• **What needs to be done**:
Exactly retype the lines below from the one containing "Ciprofloxacin Heumann 500 mg" through the end of the listing. Leave pictures out.

• **Dataset extract**:
------------------------

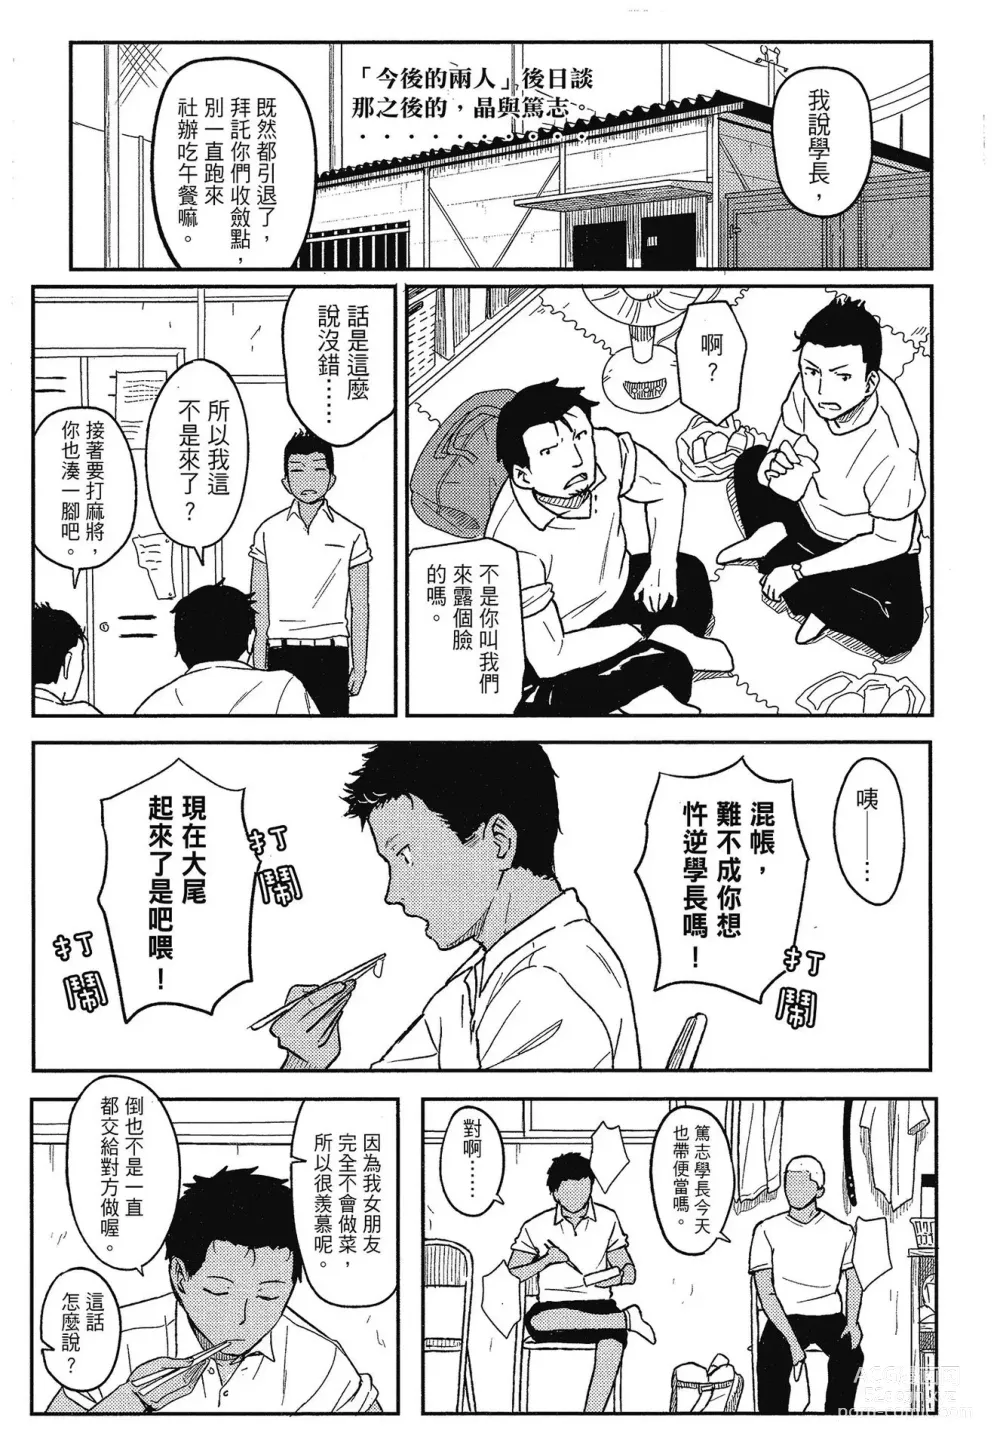 Page 209 of manga 特別的每一天 (decensored)
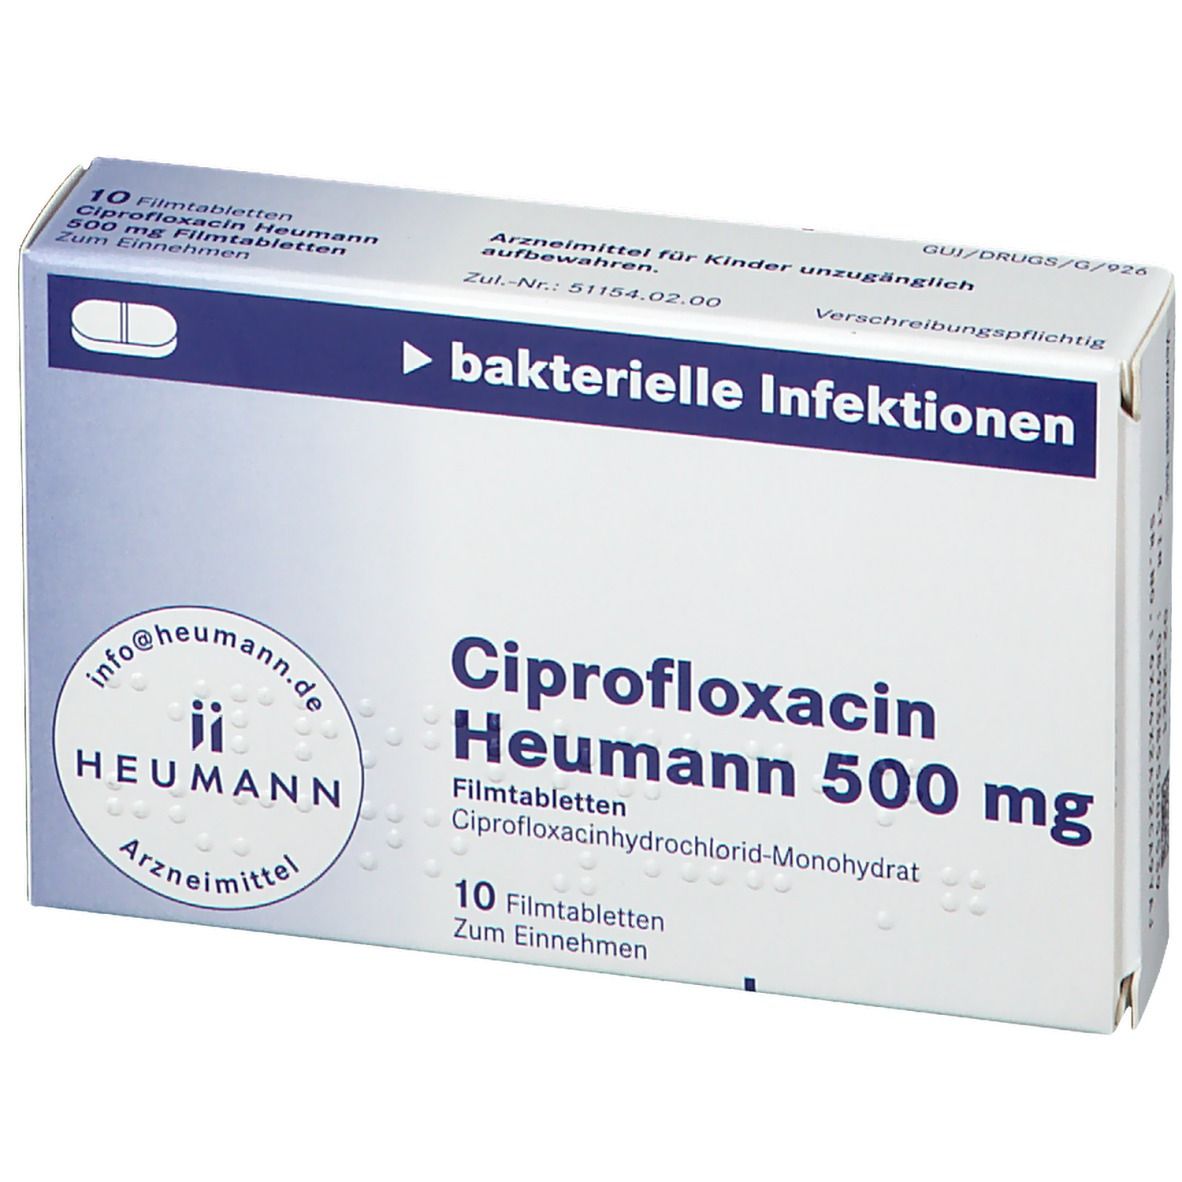 Ciprofloxacin Heumann 500 mg
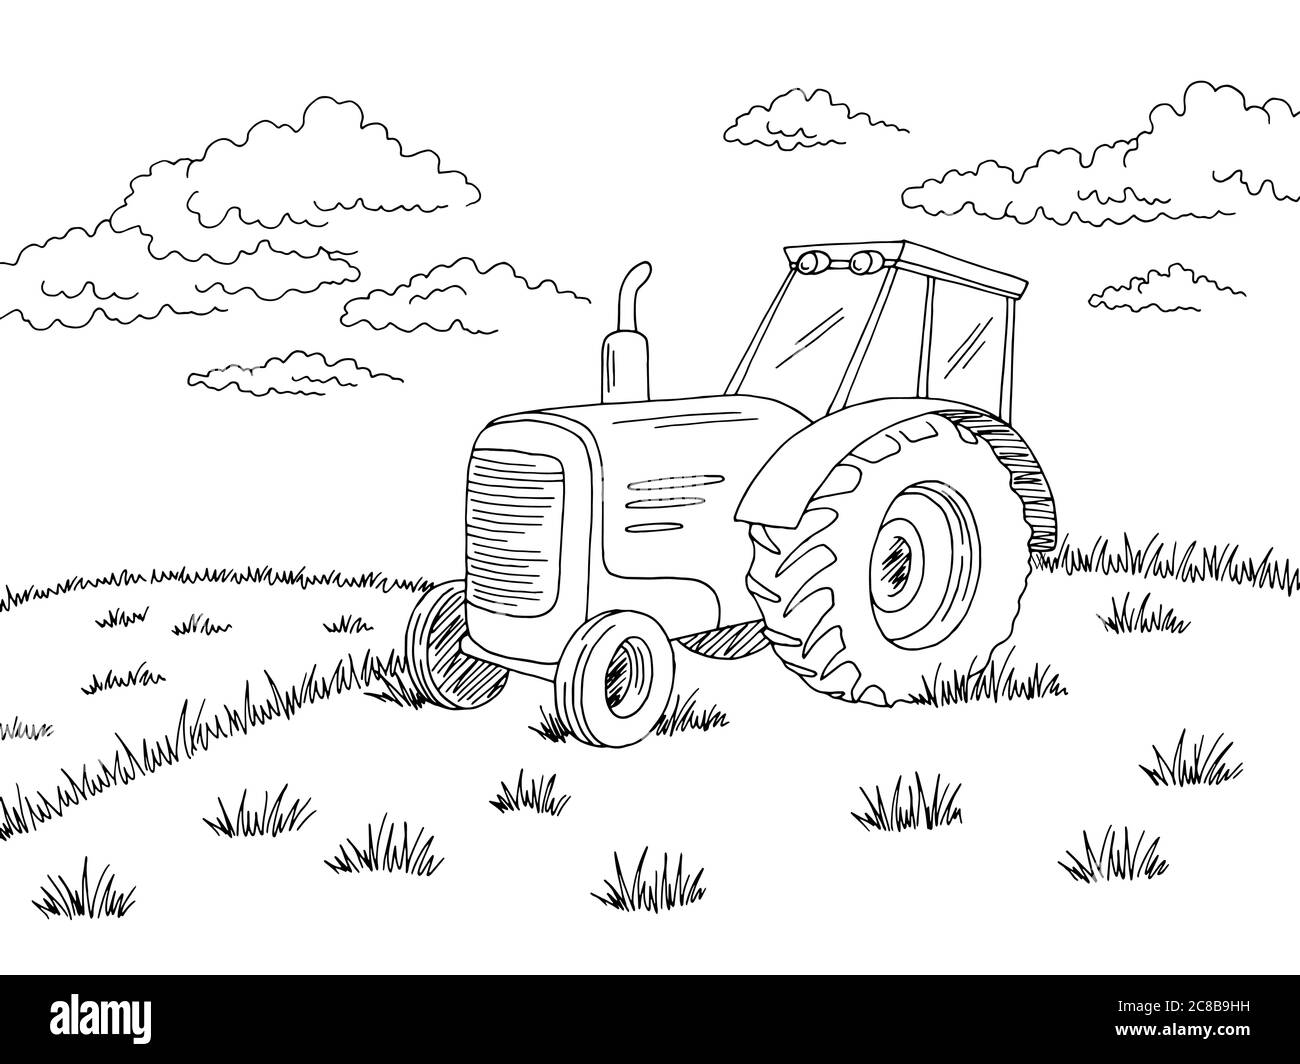 Traktor auf dem Feld Grafik schwarz weiß Landschaft Skizze Illustration Vektor Stock Vektor
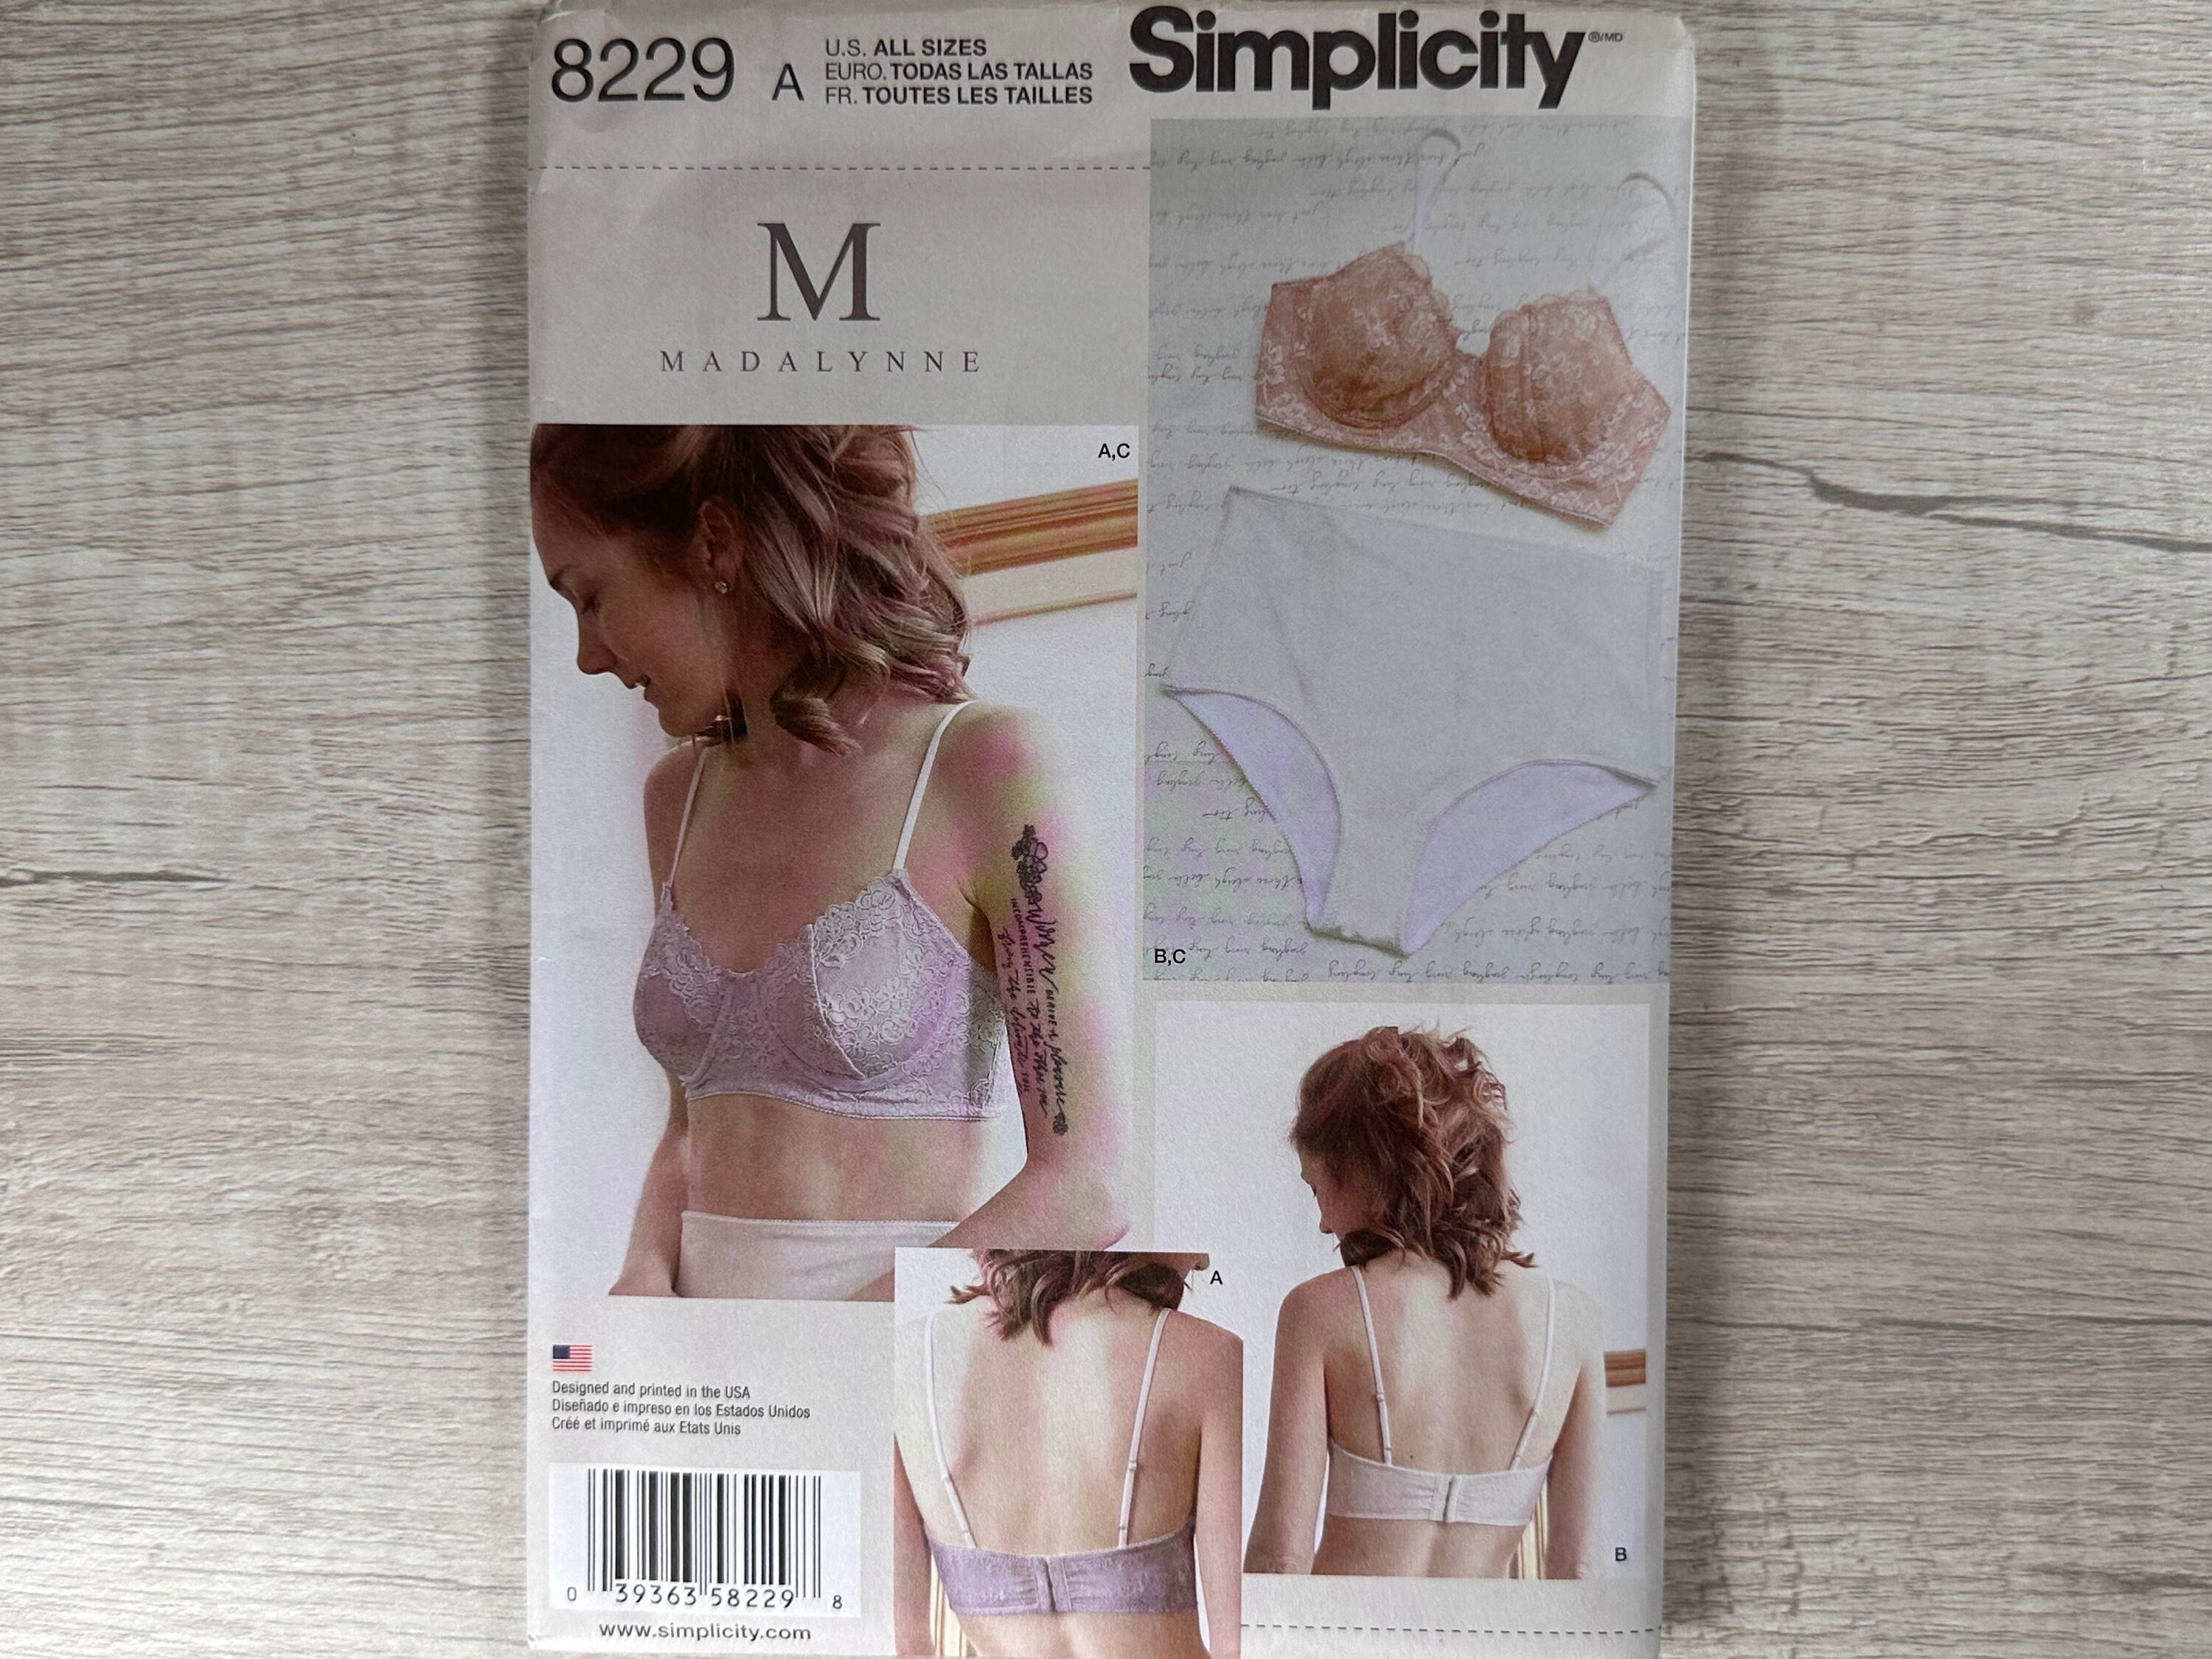 Simplicity Sewing Pattern 8229, Madalynne Misses' Underwire Bras and Panties  -  Sweden

------------------------

• **Task solution**:
 Ciprofloxacin Heumann 500 mg
 Traktor auf dem Feld Grafik schwarz weiß Landschaft Skizze Illustration Vektor Stock Vektor
 Simplicity Sewing Pattern 8229, Madalynne Misses' Underwire Bras and Panties  -  Sweden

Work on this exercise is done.